Colly is a popular scraping framework for Golang that is used for building web scrapers. Handling redirects in Colly is a straightforward process since Colly provides built-in support for managing redirects.
By default, Colly follows up to 10 redirects before stopping. However, you can customize this behavior according to your scraping needs. Here's how you can handle redirects in Colly:
1. Set the Maximum Number of Redirects
You can set the maximum number of redirects that Colly will follow by setting the MaxRedirects
attribute of the Collector
:
package main
import (
"fmt"
"github.com/gocolly/colly"
)
func main() {
c := colly.NewCollector(
// Set the maximum number of redirects to follow
colly.MaxRedirects(5),
)
c.OnRequest(func(r *colly.Request) {
fmt.Println("Visiting", r.URL)
})
c.OnResponse(func(r *colly.Response) {
fmt.Println("Visited", r.Request.URL)
})
c.OnError(func(r *colly.Response, err error) {
fmt.Println("Request URL:", r.Request.URL, "failed with response:", r, "\nError:", err)
})
// Start scraping
c.Visit("http://httpbin.org/redirect/1")
}
2. Disable Redirect Handling
If you do not want Colly to follow redirects at all, you can disable redirect handling by setting the CheckRedirect
function on the HTTP Client used by Colly's Collector:
package main
import (
"fmt"
"github.com/gocolly/colly"
"net/http"
)
func main() {
c := colly.NewCollector()
// Set the CheckRedirect function to the http.Client
c.WithTransport(&http.Transport{
Proxy: http.ProxyFromEnvironment,
})
c.CheckRedirect = func(req *http.Request, via []*http.Request) error {
// Returning an error prevents the redirect
return http.ErrUseLastResponse
}
c.OnRequest(func(r *colly.Request) {
fmt.Println("Visiting", r.URL)
})
c.OnResponse(func(r *colly.Response) {
fmt.Println("Visited", r.Request.URL)
})
// Start scraping
c.Visit("http://httpbin.org/redirect/1")
}
In the code above, the CheckRedirect
function is set to always return http.ErrUseLastResponse
, which effectively stops the redirect handling. This means Colly will make the initial request and then stop, regardless of whether the server sends a redirect response.

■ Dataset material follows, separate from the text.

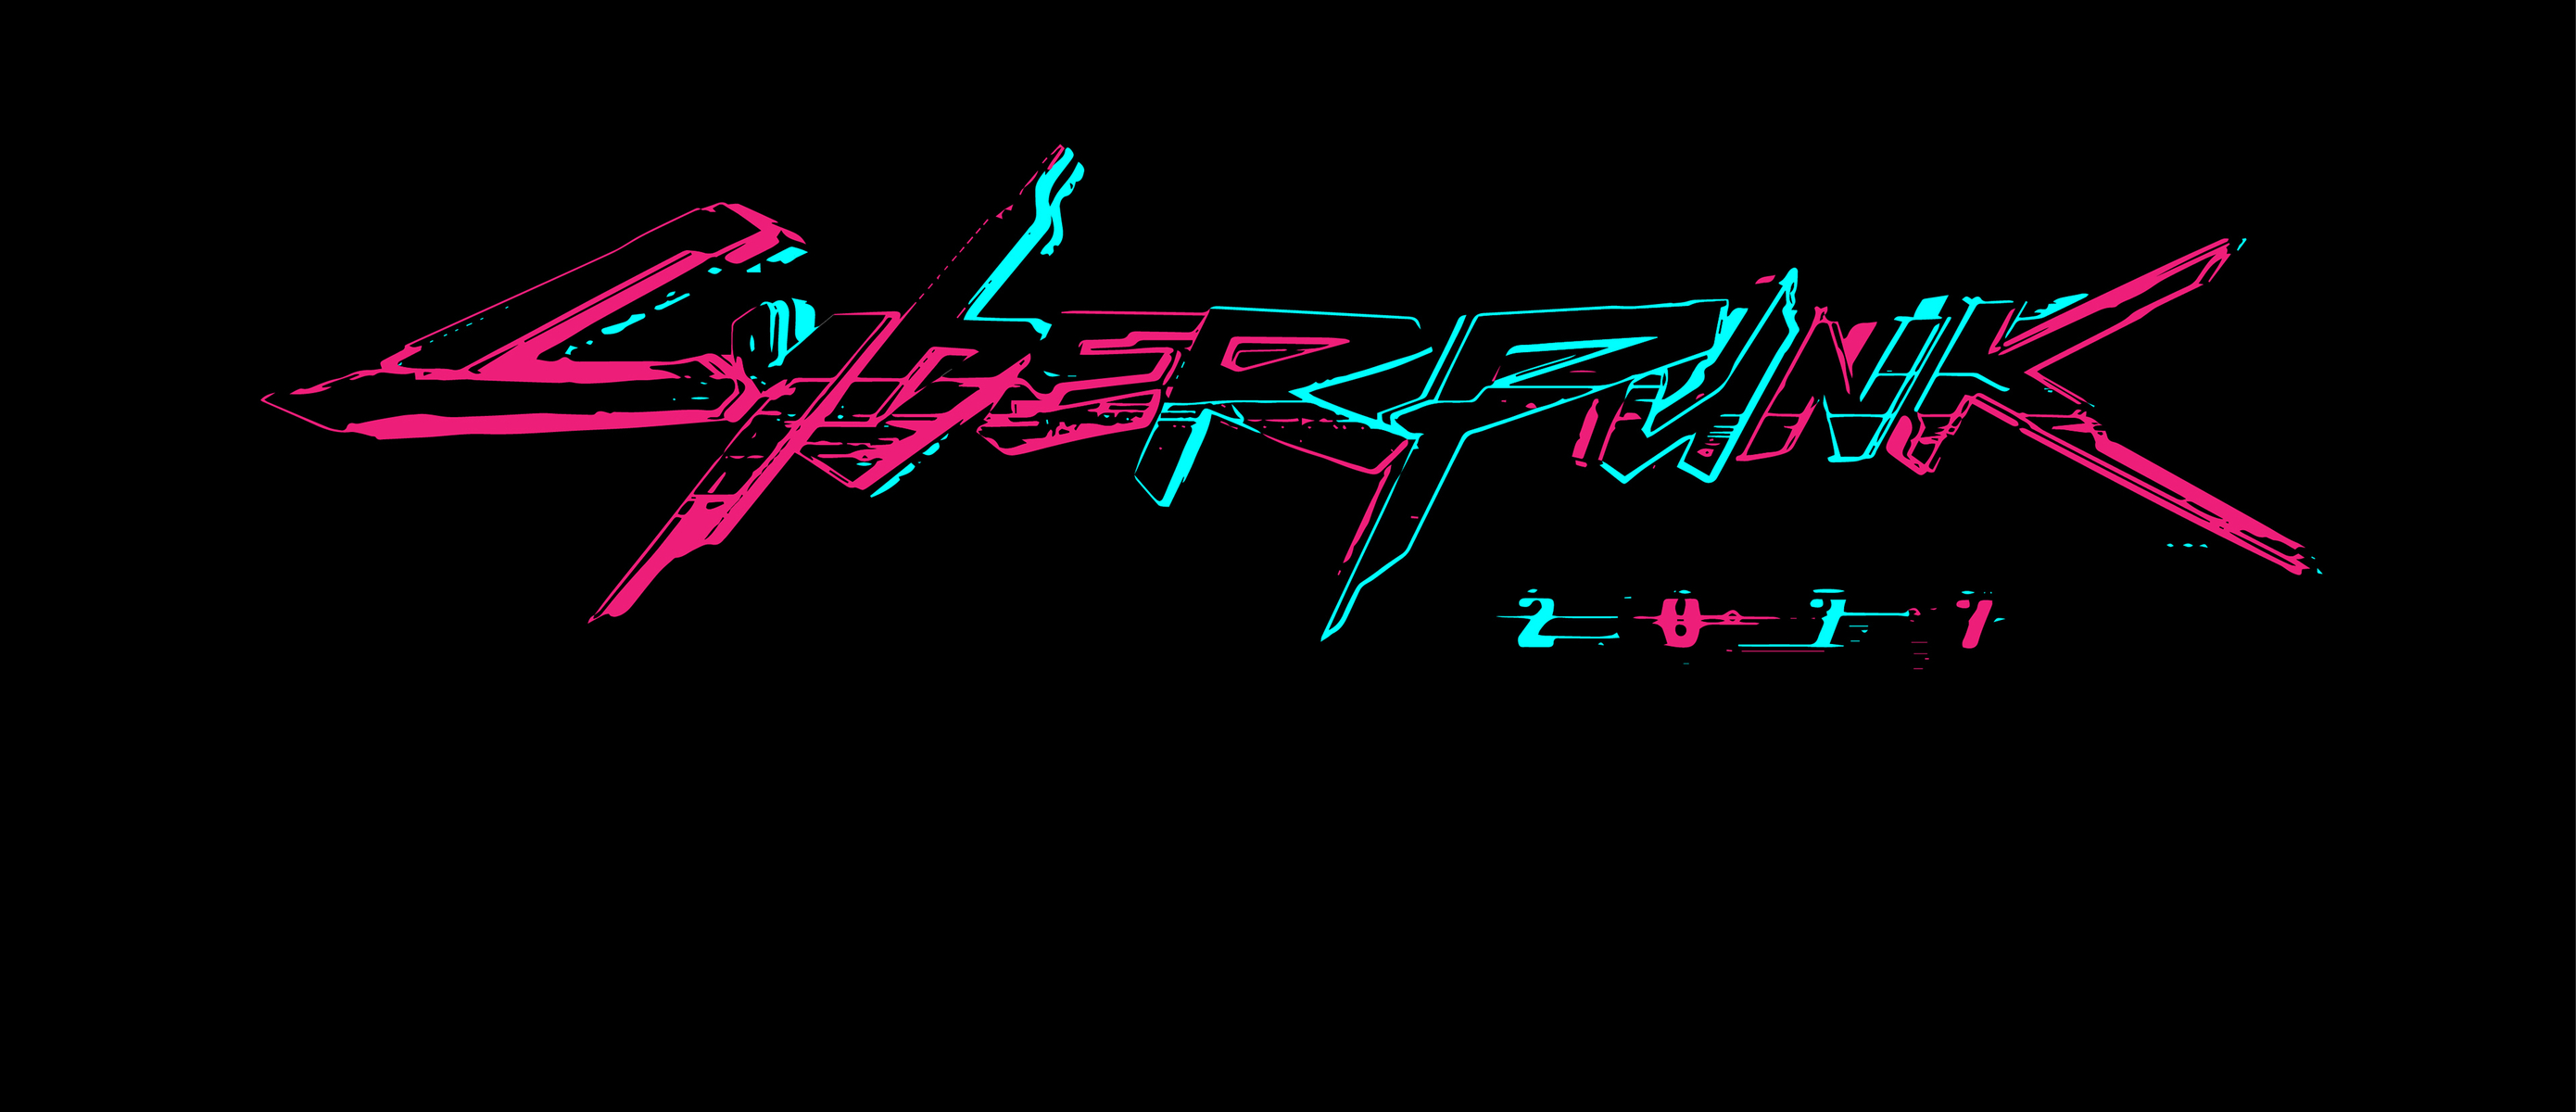 Cyberpunk font generator фото 42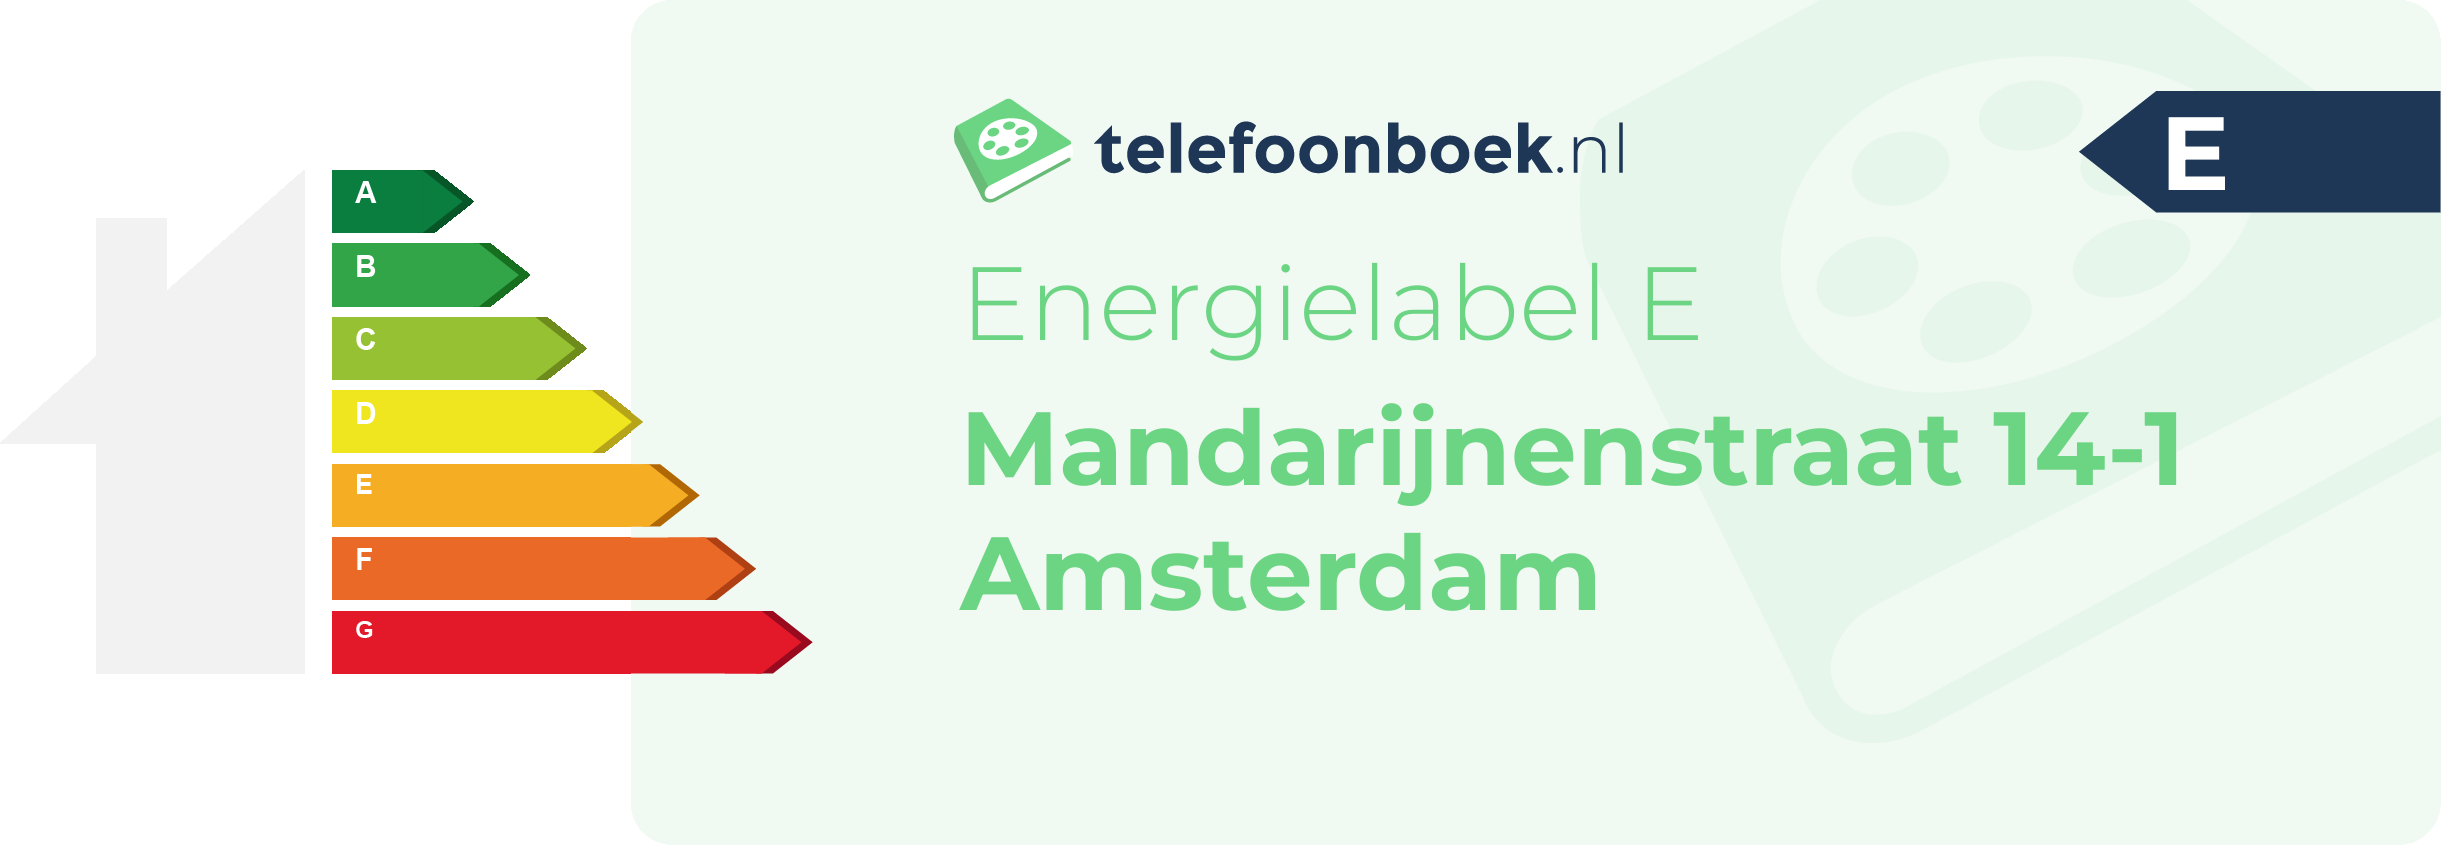 Energielabel Mandarijnenstraat 14-1 Amsterdam

3. Handling Redirects Manually
You can also handle redirects manually by checking the response status code. If it's in the 3xx range, you can manually issue a request to the Location
header:
package main
import (
"fmt"
"github.com/gocolly/colly"
"net/http"
)
func main() {
c := colly.NewCollector()
c.OnResponse(func(r *colly.Response) {
if r.StatusCode >= 300 && r.StatusCode < 400 {
// Get the redirect location from the headers
location := r.Headers.Get("Location")
fmt.Printf("Redirecting to: %s\n", location)
// Visit the location
err := c.Visit(r.Request.AbsoluteURL(location))
if err != nil {
fmt.Printf("Redirect failed: %s\n", err.Error())
}
} else {
fmt.Println("Visited", r.Request.URL)
}
})
// Start scraping
c.Visit("http://httpbin.org/redirect/1")
}
Remember that when you manually handle redirects, you are responsible for preventing infinite redirect loops. You should keep track of the URLs visited and the number of redirects followed to avoid such issues.
By adjusting Colly's redirect handling settings, you can ensure that your web scraper behaves exactly as needed when encountering redirects during the scraping process.